Another interesting pattern are the number of 0 values in the Hyd.Pressure(1-3) variables. The \(4^{th}\) Hyd.Pressure does not follow this same pattern, so depending on the relationship between these variables and the target and/or other variables, they may be removed outright.
Some of the predictors appear to be discrete, rather than continuous distributions (Pressure.Setpoint, Alch.Rel), however, many of these variables are just constrained to a few values, but are still continuous. Out of all the variables, Bowl.Setpoint does seem to be a discrete distribution. A table of all values in the variable is below:
pander(table(ph_data$Bowl.Setpoint))
| 70 | 80 | 90 | 100 | 110 | 120 | 122 | 126 | 130 | 134 | 140 |
|---|---|---|---|---|---|---|---|---|---|---|
| 93 | 89 | 376 | 95 | 390 | 1148 | 1 | 8 | 33 | 1 | 16 |
ph_data %>%
select(Bowl.Setpoint) %>%
gather(Variable, Values) %>%
ggplot(aes(x = Values)) +
geom_histogram(alpha = 0.25, col = "black", bins = 20) +
facet_wrap(~ Variable, scales = "free", nrow = 4)
Boxplots provide an alternate view that allows the spread of the data to be viewed a little more clearly, as well as the presence of outliers and their quantities:
ph_data %>%
select(-Brand.Code) %>%
gather(Variable, Values) %>%
ggplot(aes(x = 1, y = Values)) +
geom_boxplot() +
facet_wrap(~ Variable, scales = "free", nrow = 4)
A number of these variables are so highly skewed, such as Filler.Speed, Oxygen.Filler, MFR, and Air.Pressurer, that many of the observations for that predictor are recognized as outliers. This suggests that imputing with the mean will not be accurate; an alternate method should be investigated.
Before moving on to correlations between predictors, the relationship between the target variable PH and the other predictors is visualized using scatterplots:
ph_data %>%
gather(-PH, -Brand.Code, key="Var", value="Value") %>%
ggplot(aes(x=Value, y=PH, color=Brand.Code)) +
geom_point(alpha=0.6) +
facet_wrap(~ Var, scales = "free", nrow=4)
Here we see there are no strong patterns (i.e. no defined linear pattern), but there are some relationships between PH and the other variables that may be more helpful in predicting the PH level of the soft drink. Predictors like Alch.Rel, Density, and Temperature all appear to have a stronger relationship with PH - this makes sense, as these variables have more to do with the make-up of the beverage itself, rather than the filling/bottling process.
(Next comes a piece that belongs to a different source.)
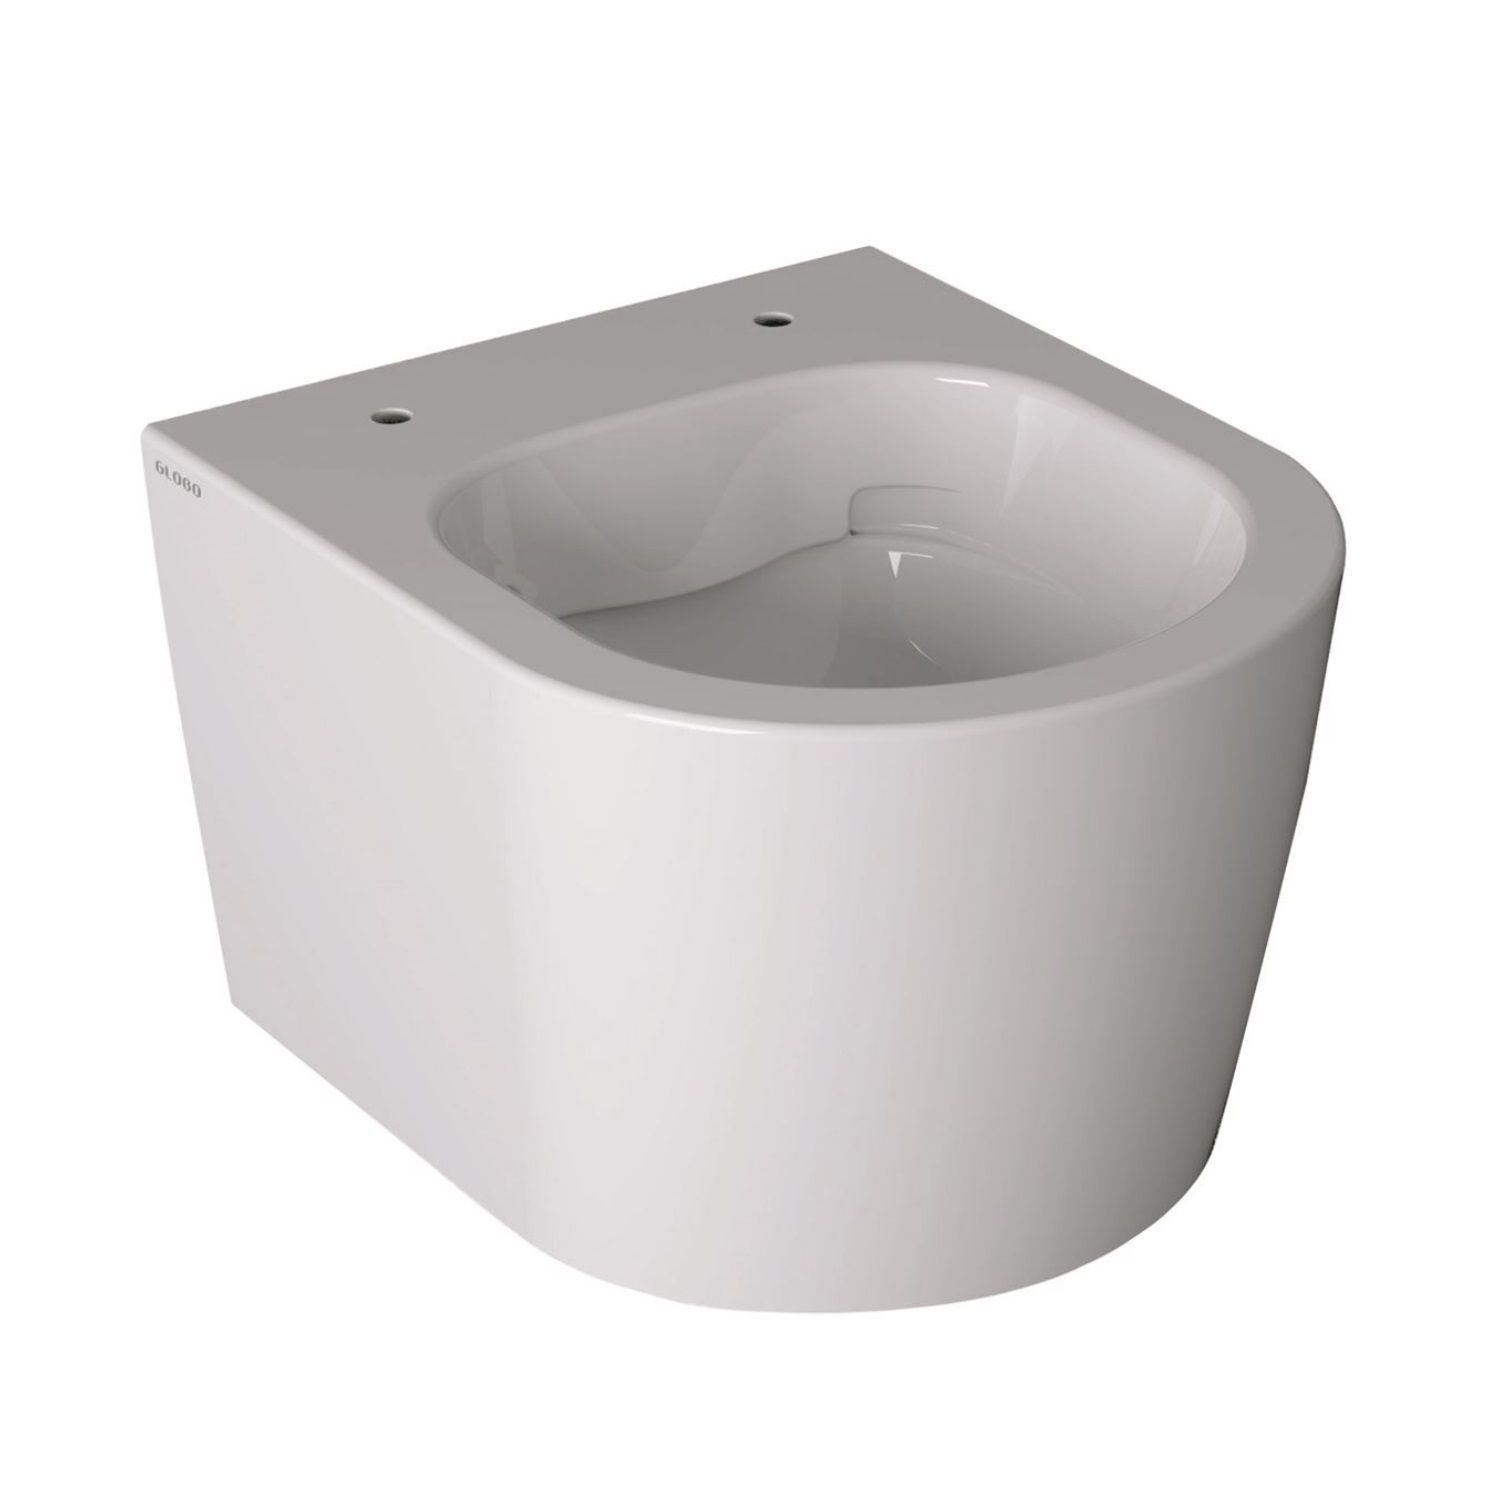 Luca Sanitair Wandcloset Forty 3 43x36 cm Compact Rimless Wit - Wandcloset Exclusief Toiletzitting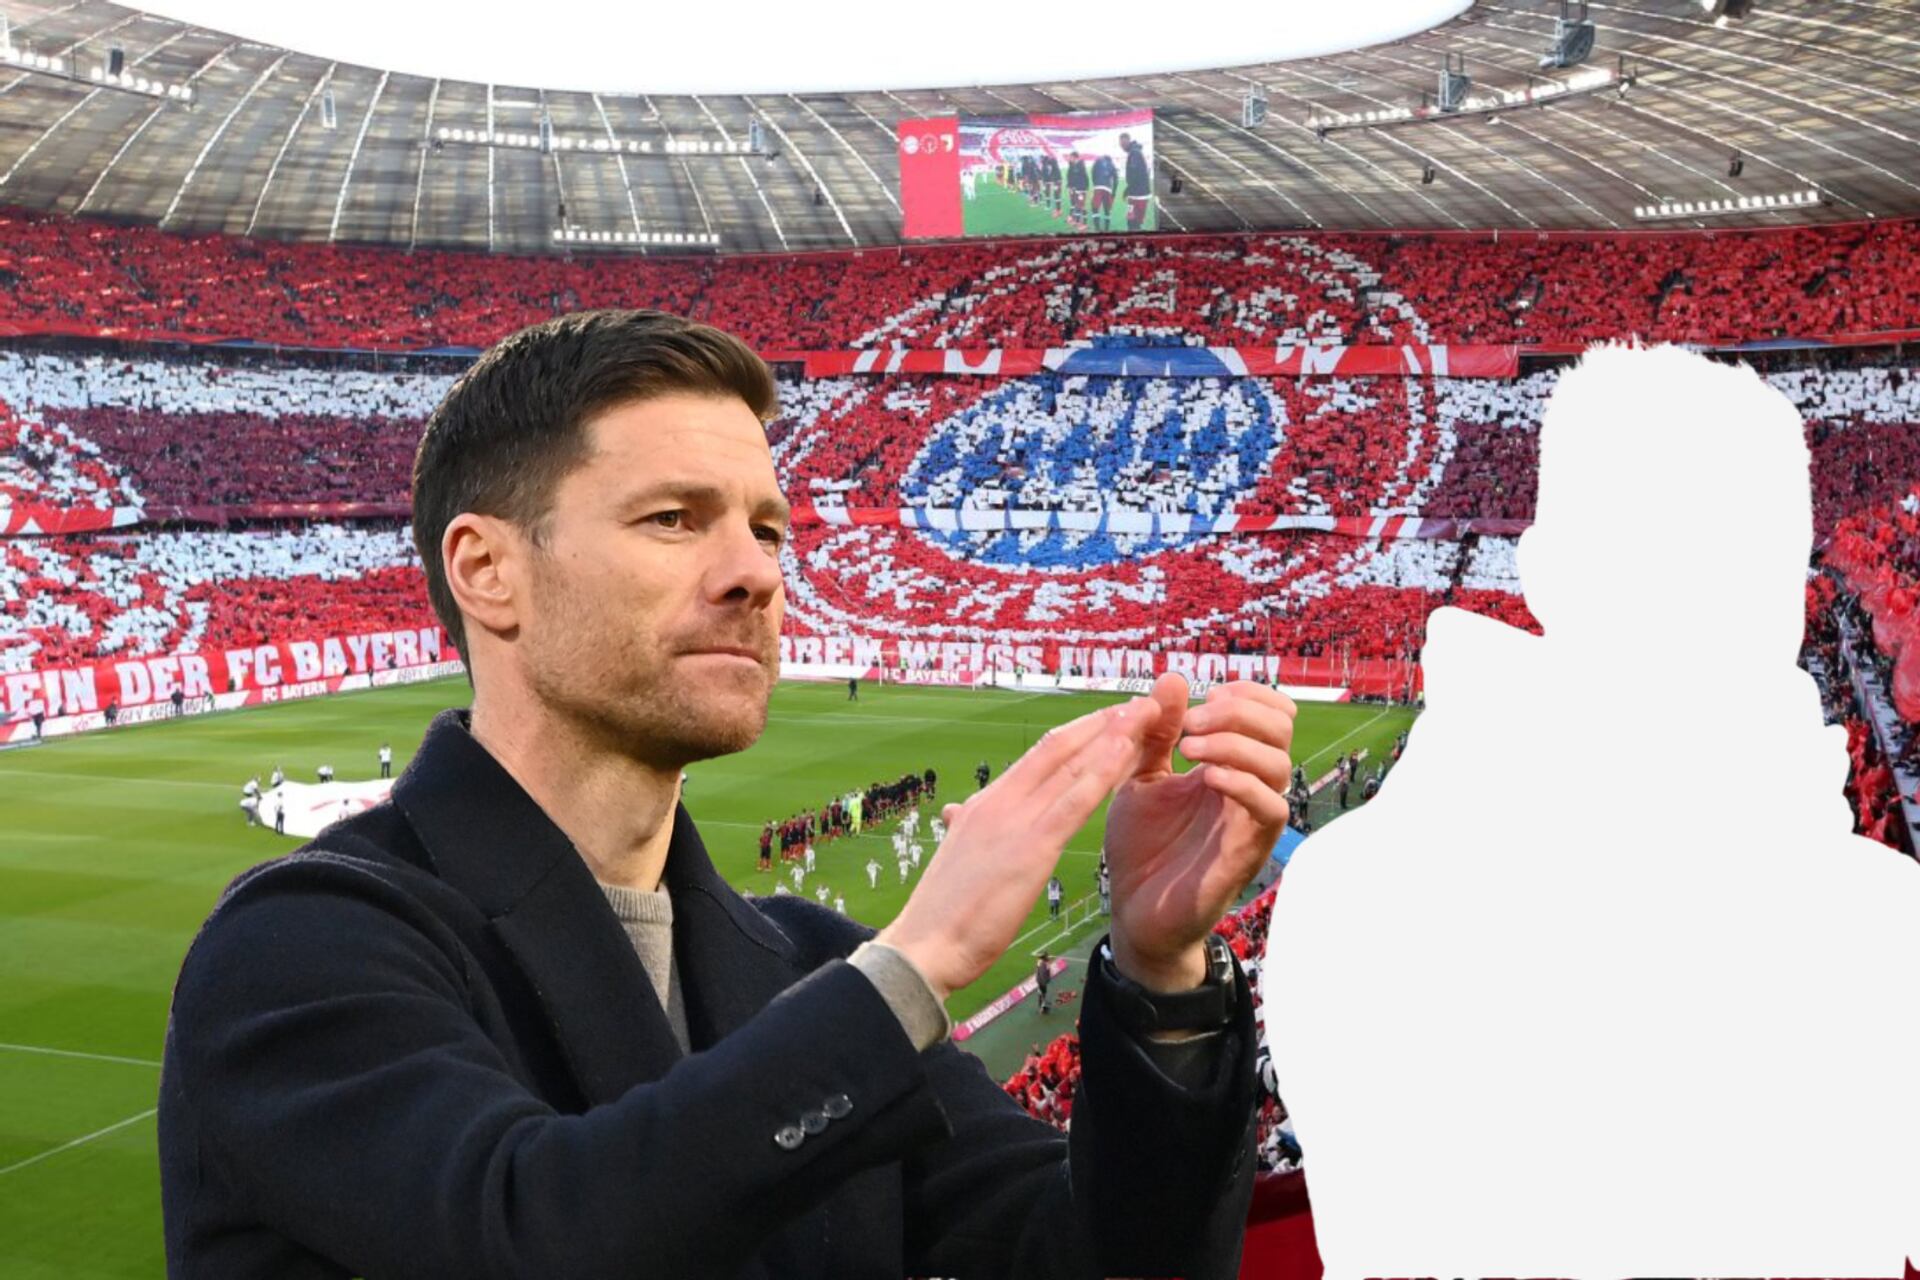 As Xabi Alonso could stay at Leverkusen, this is Bayern's second choice

Also interesting is the clustering of the Brand.Code within the plots. As correlations are investigated, this predictor does not have a strong relationship with the target, but combined with other predictors, may be more telling.
The correlation between the variables is investigated:
ph_cors <- cor(ph_data %>% select(-Brand.Code), use="complete.obs")
library(corrplot)
corrplot(as.matrix(ph_cors), method = "color", tl.cex = 0.5, tl.col = "black")
As the columns are organized in the data, some interesting patterns are present in the correlogram. Two areas show distinct positive correlations -- these are the predictors that have something to do with carbonation, and another area where different pressure levels correlate with each other. Another set of variables are negatively correlated with these pressure predictors, these have to do with the filling of the bottles, so this makes sense (Oxygen.Filler, Bowl.Setpoint, Pressure.Setpoint).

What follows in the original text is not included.